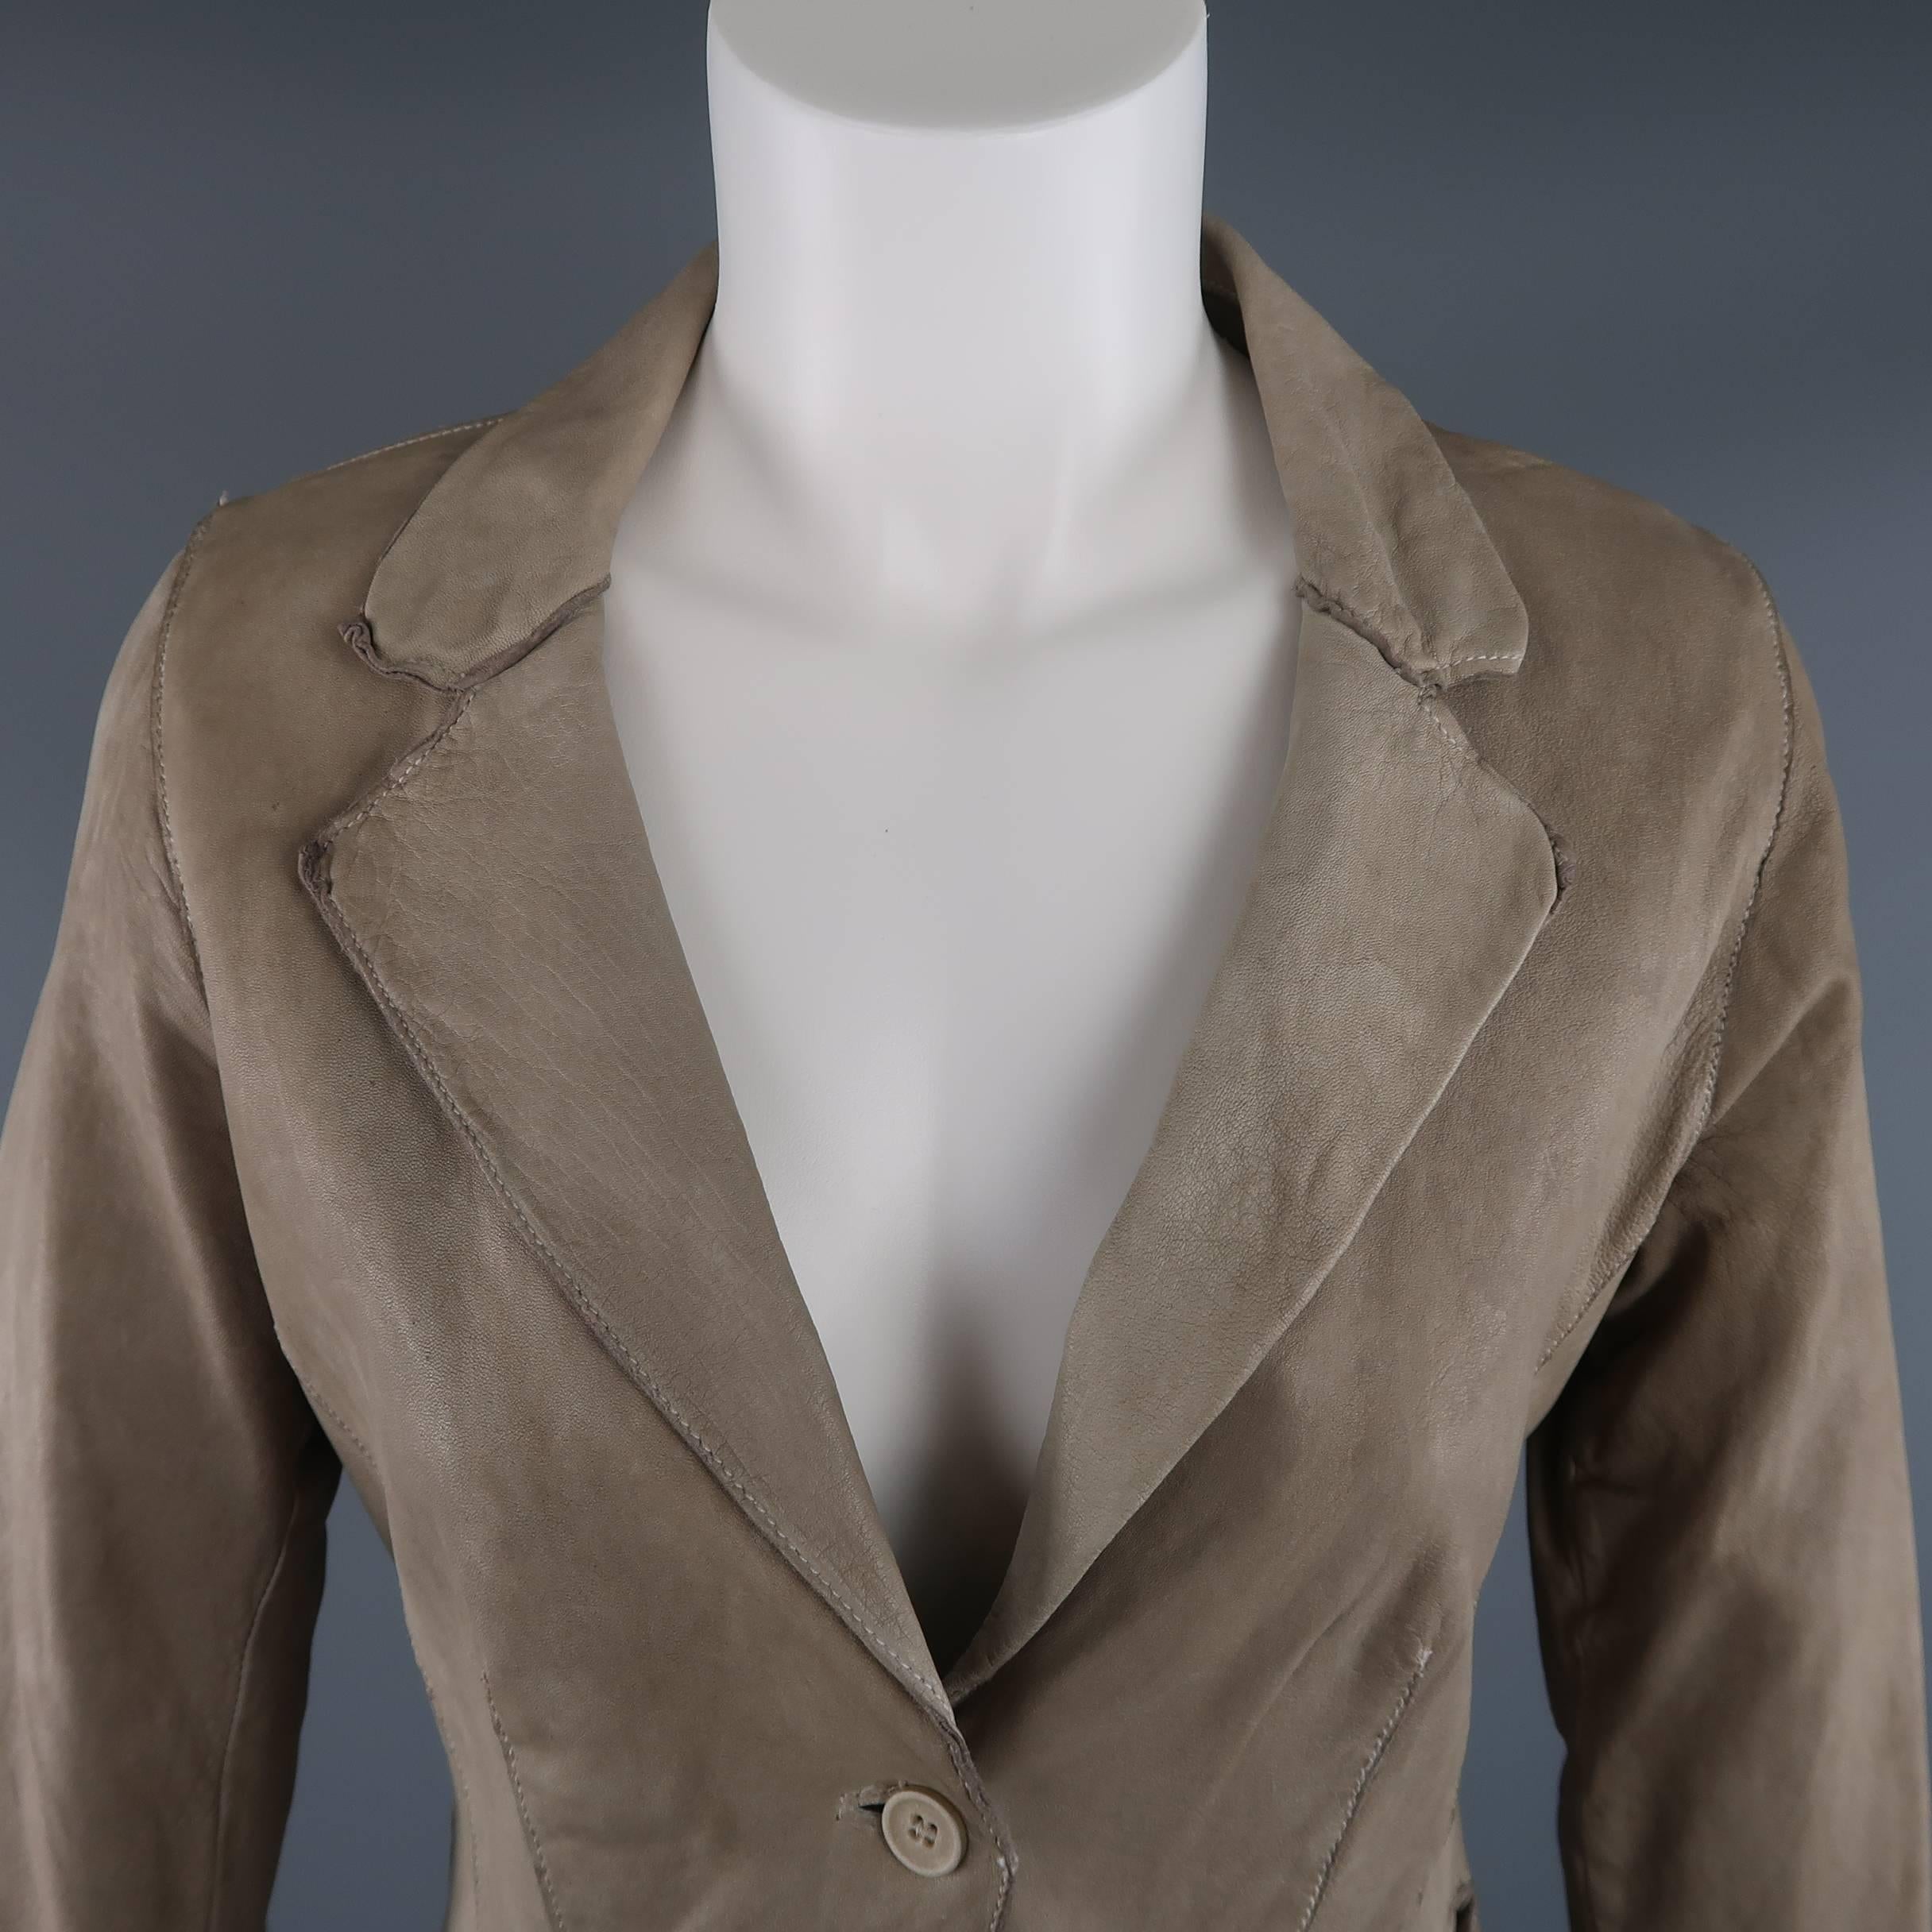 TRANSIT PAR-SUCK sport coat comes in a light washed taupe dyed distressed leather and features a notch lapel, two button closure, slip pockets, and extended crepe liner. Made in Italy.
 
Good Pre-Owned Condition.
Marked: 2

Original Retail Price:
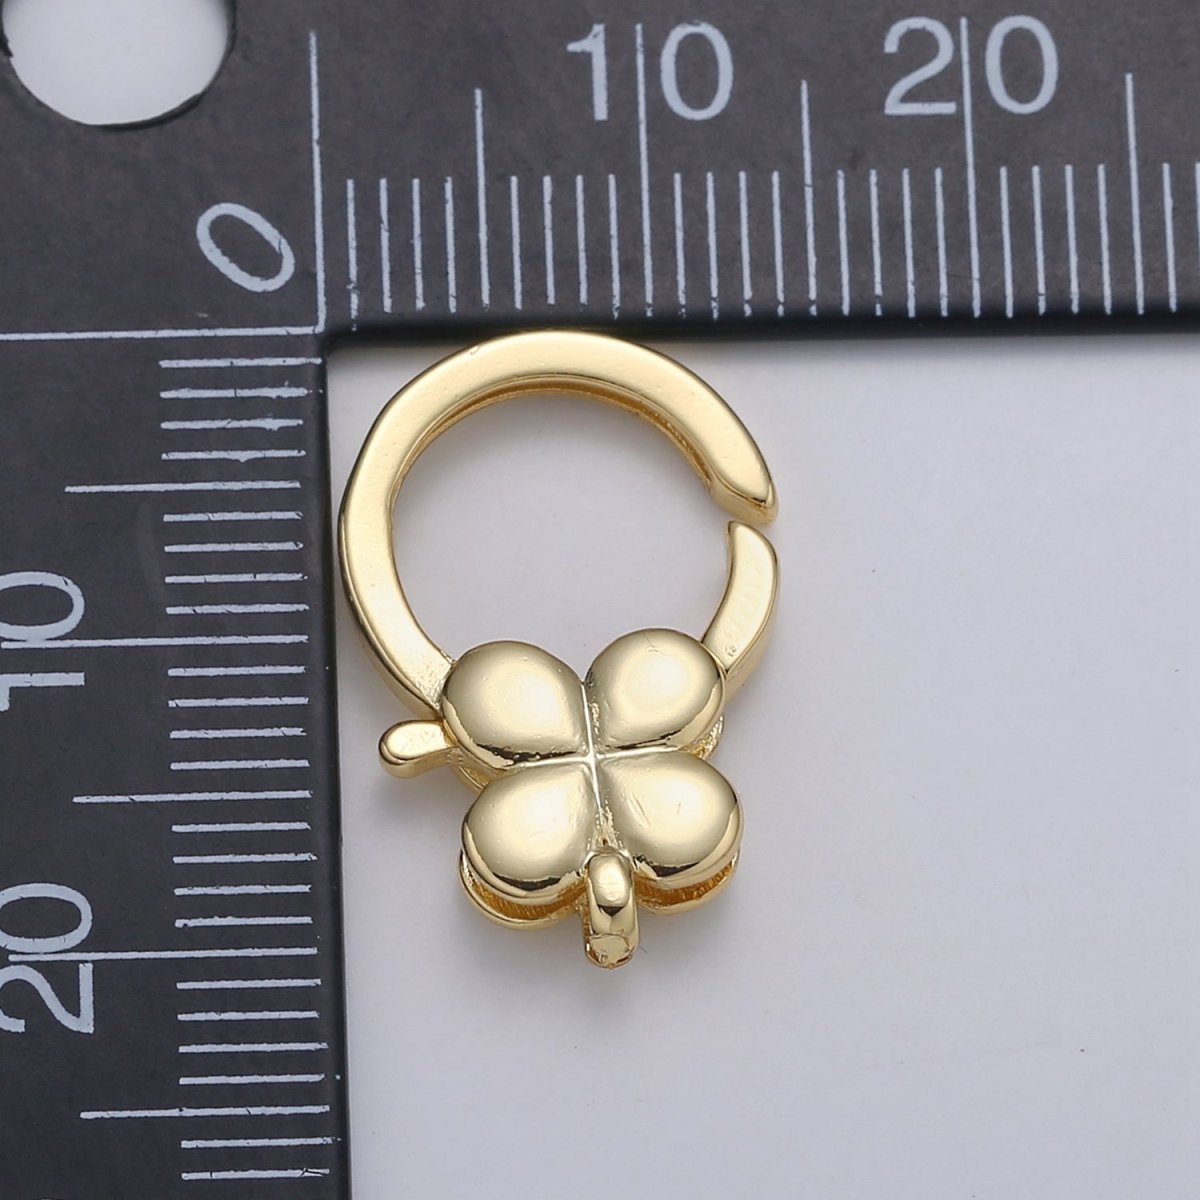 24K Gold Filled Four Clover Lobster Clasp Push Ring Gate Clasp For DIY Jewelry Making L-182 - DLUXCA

....................

→ WHAT IS EXPECTED
The entries above should be written out in full, and any picture in them left out.

→ RESPONSE TO THIS EXERCISE
 TRANSIT PAR-SUCK sport coat comes in a light washed taupe dyed distressed leather and features a notch lapel, two button closure, slip pockets, and extended crepe liner. Made in Italy.
 
Good Pre-Owned Condition.
Marked: 2

Original Retail Price:
 24K Gold Filled Four Clover Lobster Clasp Push Ring Gate Clasp For DIY Jewelry Making L-182 - DLUXCA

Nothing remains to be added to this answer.